As COVID-19 moved 80 percent of call center agents to work-from-home environments, the pandemic “has put customer service reps under pressure they’ve likely never experienced before,” said Jackson.

According to Wharton, consumers increased online shopping by 37 percent; the appeal of loyalty benefits stayed mostly the same before and midway through the pandemic, and customers who attempted to return an item experienced a problem 69 percent of the time.

According to an online study commissioned by PayPal and conducted by Netfluential in July, 35 percent of college students plan to spend more on back-to-school; 35 percent will spend the same as last year; 20 percent will spend less, and 5 percent don’t know either way.

The study also showed that 40 percent of parents of students in kindergarten through grade 12 plan to spend more this year on b-t-s than last year; 45 percent will spend the same, and 11 percent will spend less, leaving 4 percent unsure.

The study polled 600 college students and 1,200 parents of K-12 students in July across the country, including 600 parents of elementary school students; 300 of middle school students, and 300 parents of high school students.

First-year college students will spend $732 on average, compared to $444 among K-12 parents, according to PayPal and Netfluential.
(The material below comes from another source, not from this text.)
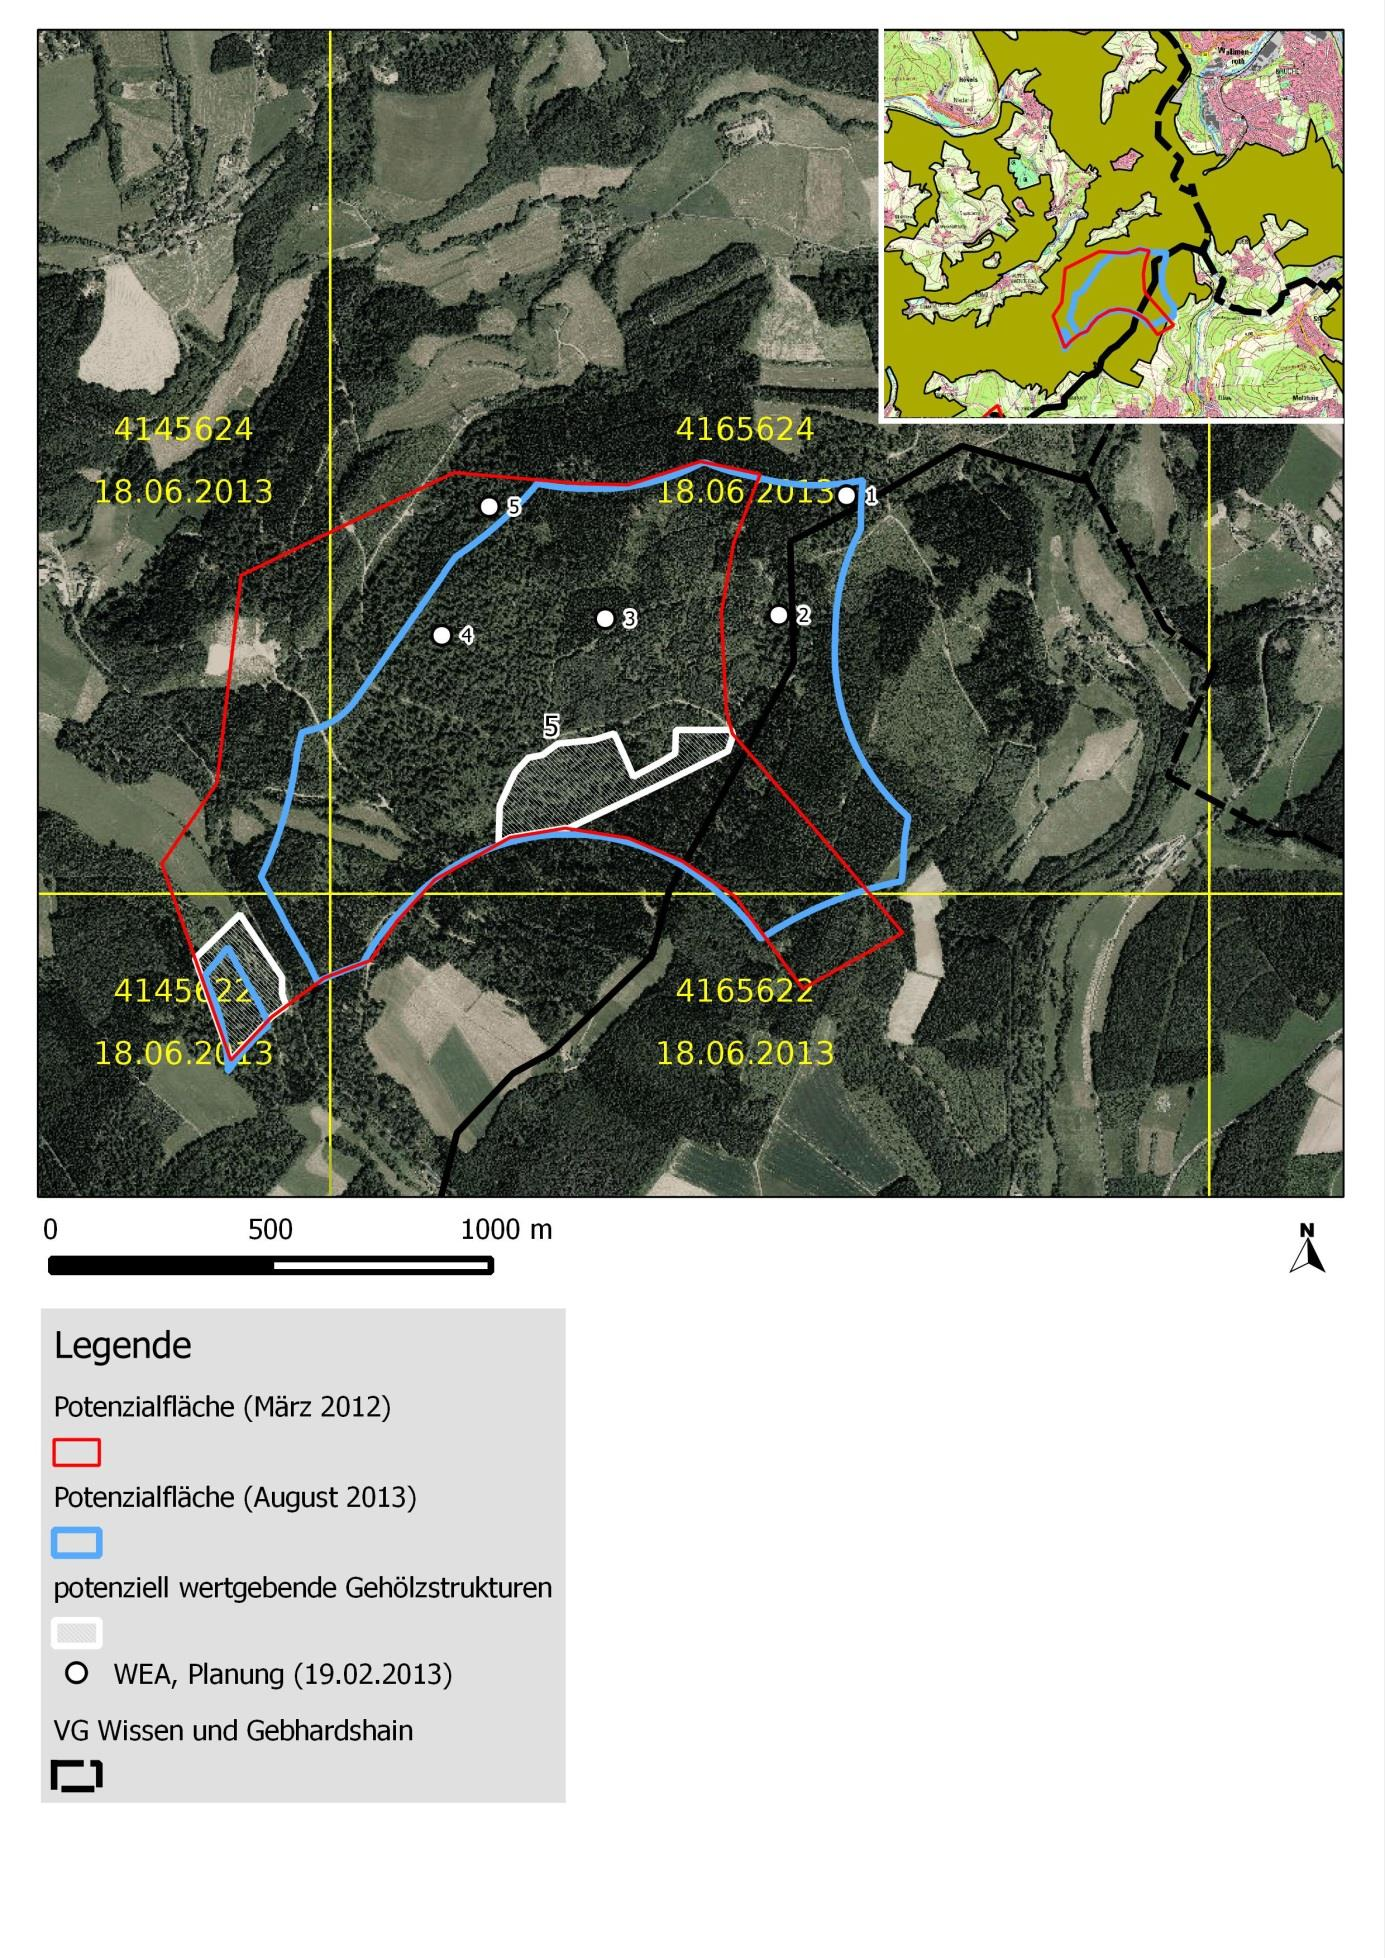 Abb. 3: Lageplan sowie Luftbild der Potenzialfläche 5 mit Darstellung der Abgrenzung im März 2012 und August 2013.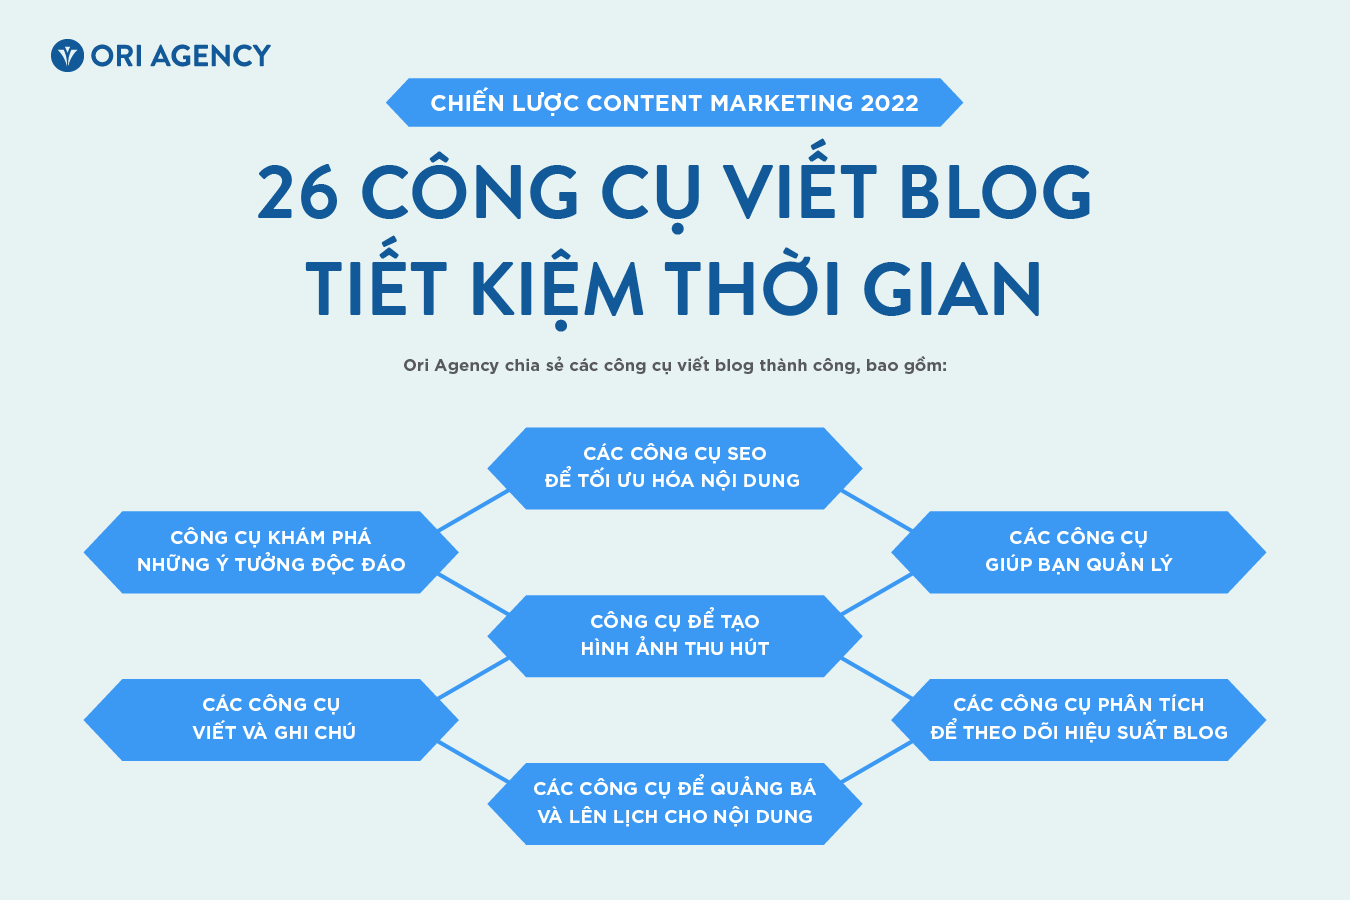 [Infographic] 26 Công cụ viết blog tiết kiệm thời gian cho chiến lược Content Marketing 2023

Those figures appear less bullish than what the National Retail Federation forecasts for b-t-s. NRF predicted that parents with children in elementary through high school plan to spend an average of $789.49 and that college students and their families expect to spend an average $1,059.20. The spending increases for b-t-s will be due to consumers buying technology and home furnishings to facilitate learning at home, reducing their budgets for b-t-s apparel, which costs far less than hard goods.